Table 2 Convergence rates for the truncated fractional diffusion operator (26), \(\delta =0.2\), and \(h \rightarrow 0\) in a continuous Galerkin ansatz space
Table 3 Convergence rates for the truncated fractional diffusion operator (26), \(\delta =0.2\), and \(h \rightarrow 0\) in a discontinuous Galerkin ansatz space

3.2 Bond-Based Peridynamics

The translationally invariant and symmetric linear peridynamic kernel is given by [38]

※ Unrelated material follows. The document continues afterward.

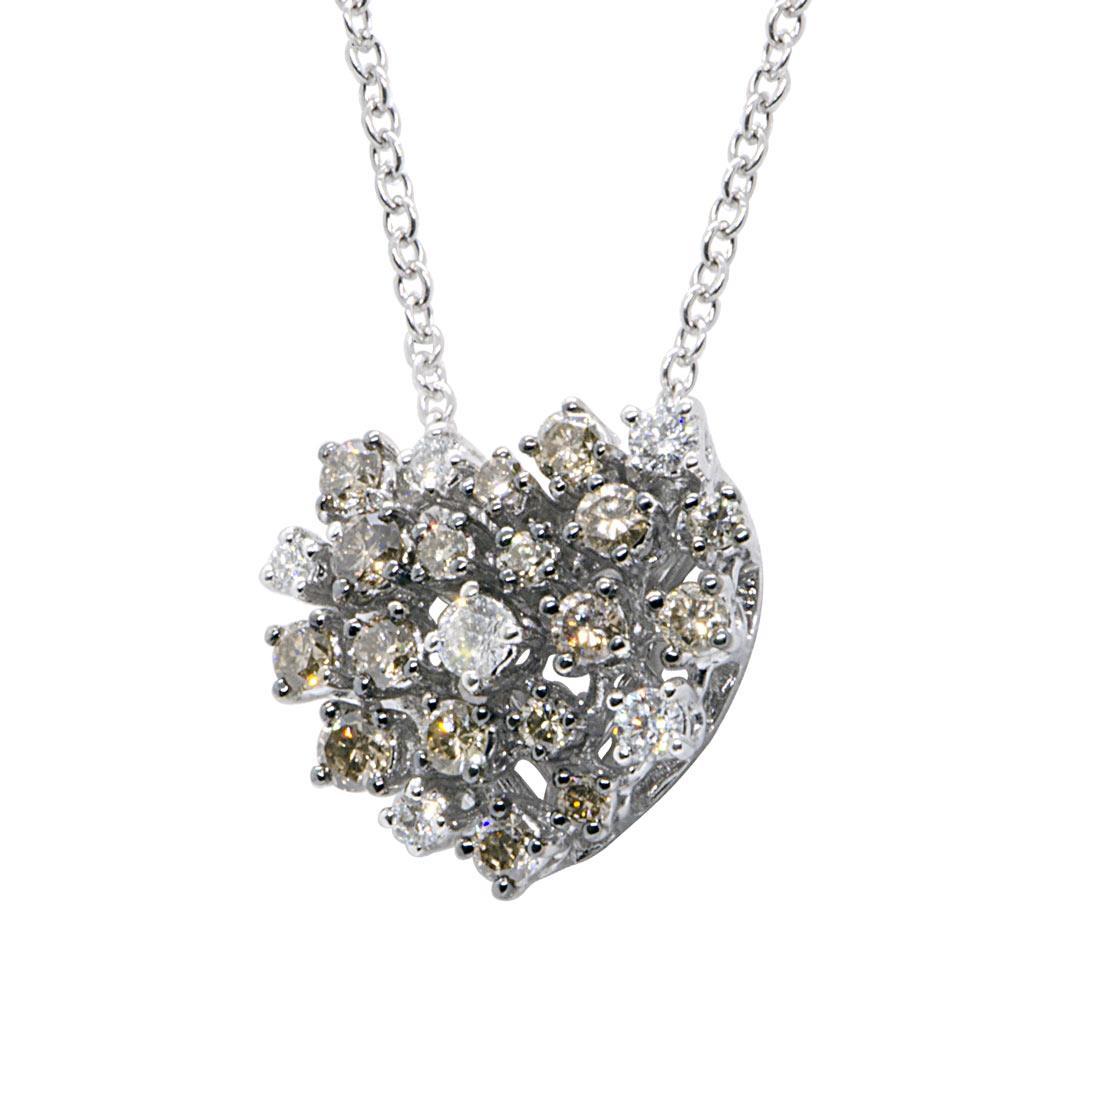 Collana Alfieri & St john e diamanti ct 0,70 - ALFIERI ST JOHN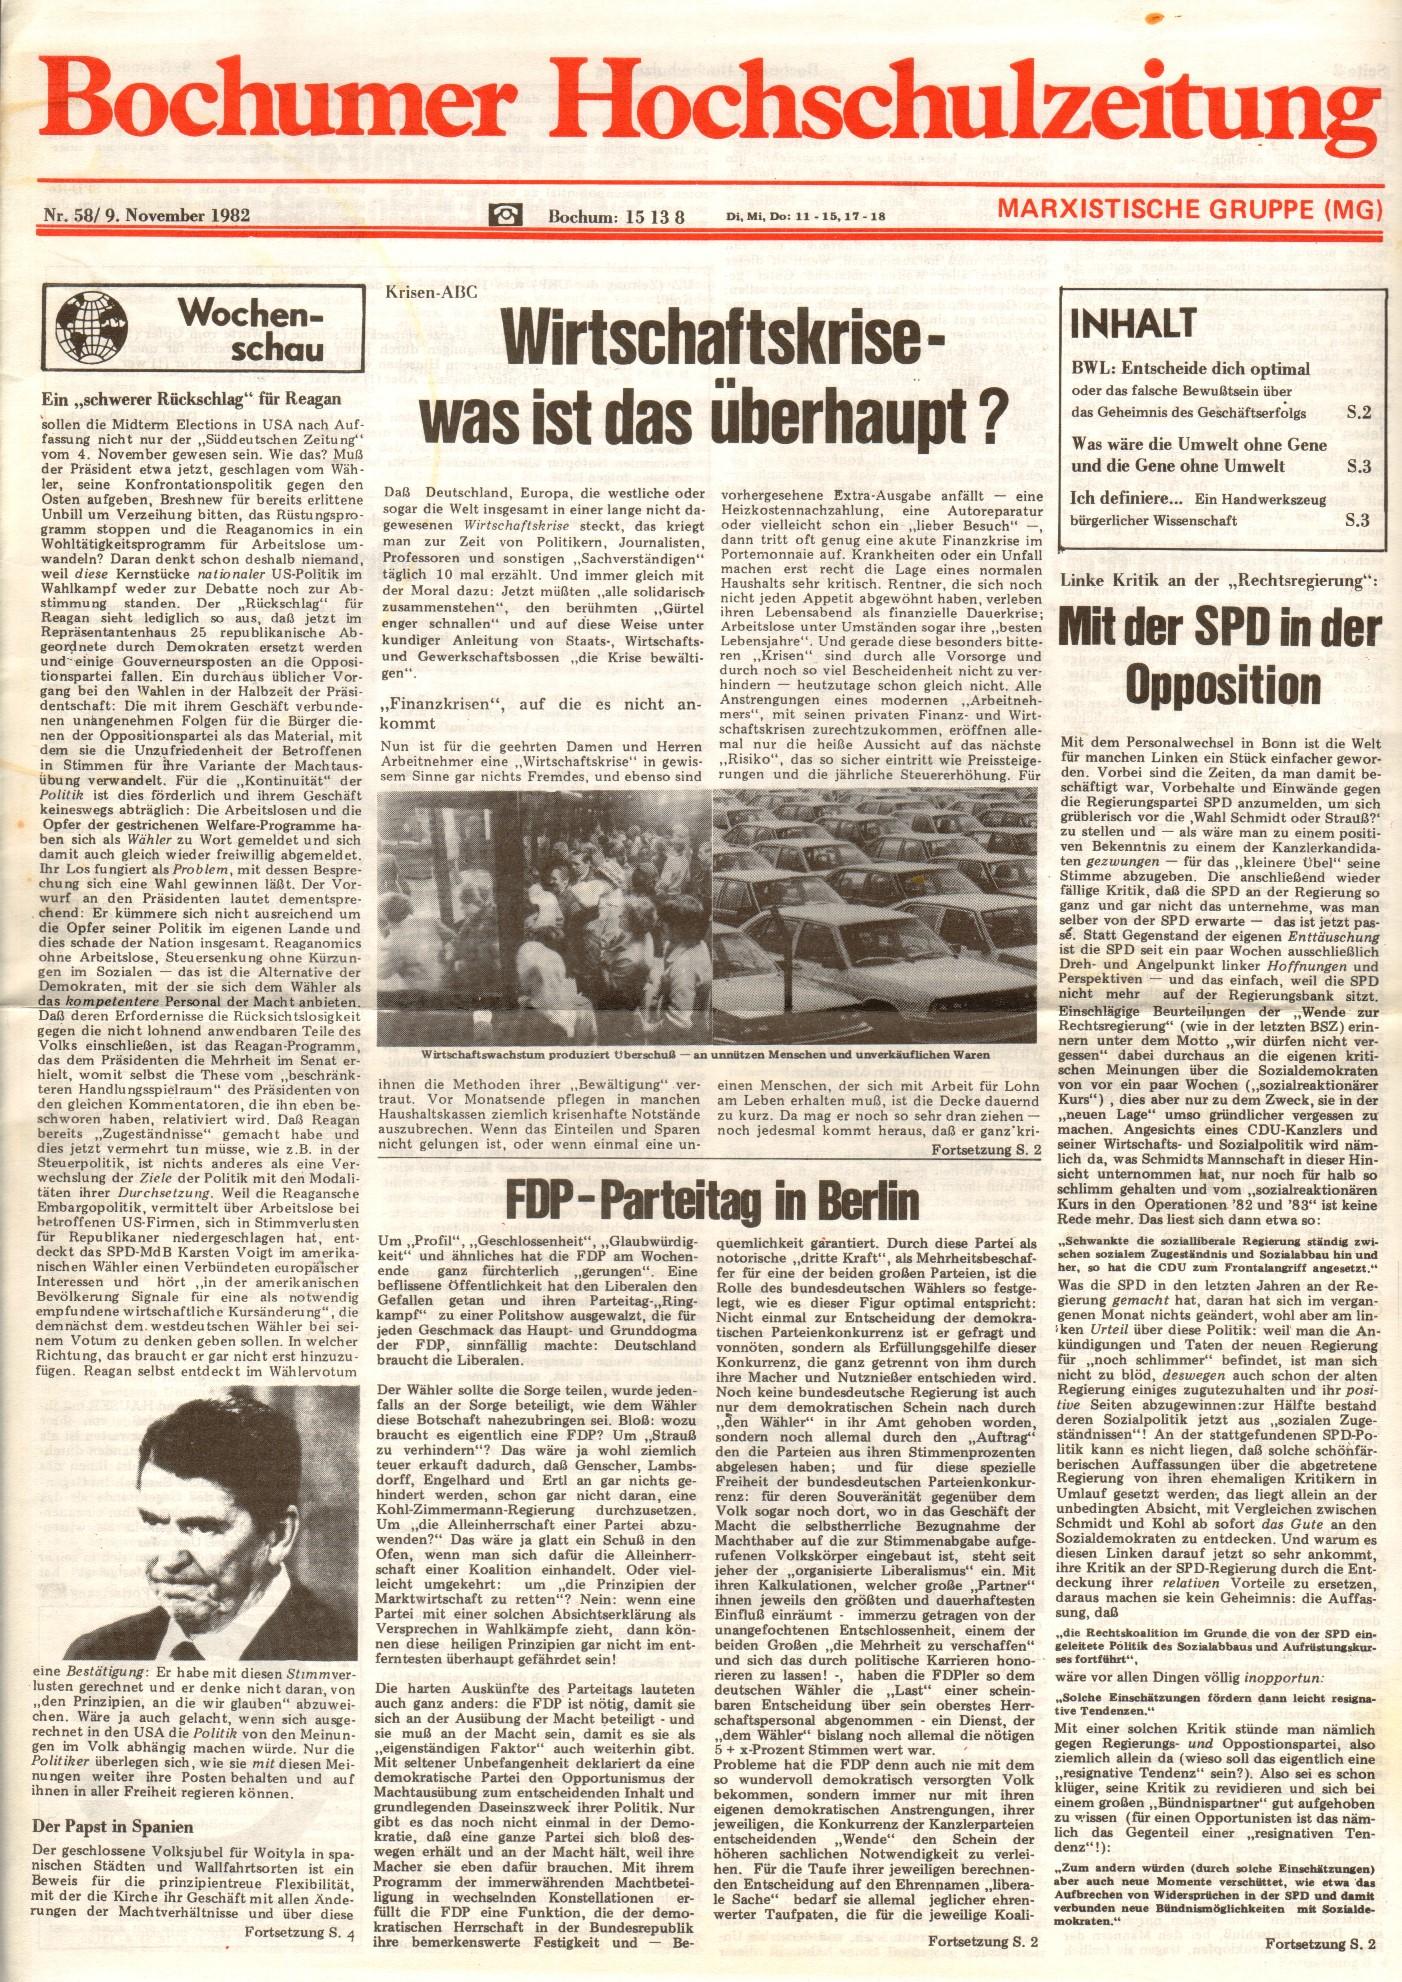 MG_Bochumer_Hochschulzeitung_19821109_01

$$\begin{aligned} \textbf{C}_\delta (\textbf{x}, \textbf{y}) := c_{\delta } ~ \textbf{C}(\textbf{x}- \textbf{y})~ \mathbbm {1}_{B_\delta (\textbf{x})}(\textbf{y}), \end{aligned}$$
(27)

where

$$\begin{aligned} \textbf{C}(\textbf{x}- \textbf{y}) := \frac{(\textbf{x}- \textbf{y}) (\textbf{x}- \textbf{y})^\top }{|\textbf{x}- \textbf{y}|^3} ~~\text {and}~~ c_\delta := \frac{3}{\delta ^3}. \end{aligned}$$
(28)

The corresponding linear peridynamics operator then reads as

$$\begin{aligned} -\mathcal {P}_\delta \textbf{u}(\textbf{x}) := c_{\delta }\int _{B_\delta (\textbf{x})}C(\textbf{x}- \textbf{y}) (\textbf{u}(\textbf{x}) - \textbf{u}(\textbf{y})) d\textbf{y}. \end{aligned}$$
(29)

In [38], the well-posedness is established for problem (22), where \(\textbf{f}\in L^2(\Omega , \mathbb {R}^{d})\) and \(\textbf{g}\in L^2(\Omega _D, \mathbb {R}^{d})\). For the given constant in (28), it is also shown there that the peridynamics operator \(-\mathcal {P}_\delta\) converges to the local Navier operator

$$\begin{aligned} -\mathcal {P}_0 \textbf{u}(\textbf{x}):= -\frac{\pi }{4} \Delta \textbf{u}(\textbf{x}) - \frac{\pi }{2} \nabla {{\,\textrm{div}\,}}\textbf{u}(\textbf{x}) \end{aligned}$$
(30)

as \(\delta \rightarrow 0\). A similar convergence result is also obtained for the corresponding weak solutions. Thus, in the given example, we choose the manufactured polynomial solution \(\textbf{u}(\textbf{x}):= (x_2^2, x_1^2x_2)\), set \(\textbf{f}(\textbf{x}):=-\mathcal {P}_0 \textbf{u}(\textbf{x})= -\frac{\pi }{2}\left( 1 + 2x_1, x_2 \right)\) in \(\Omega\) and as Dirichlet constraints choose \(\textbf{g}(\textbf{x}):= \textbf{u}(\textbf{x})\) on \(\Omega _D\). Similarly to the diffusion case above, we again obtain that \(\textbf{u}(\textbf{x})\) is the solution of (22) due to the correct scaling of the operator [38]. The results are presented in Tables 4 and 5 for a continuous and discontinuous Galerkin ansatz, respectively. In both settings we observe second-order convergence as the mesh size \(h\rightarrow 0\).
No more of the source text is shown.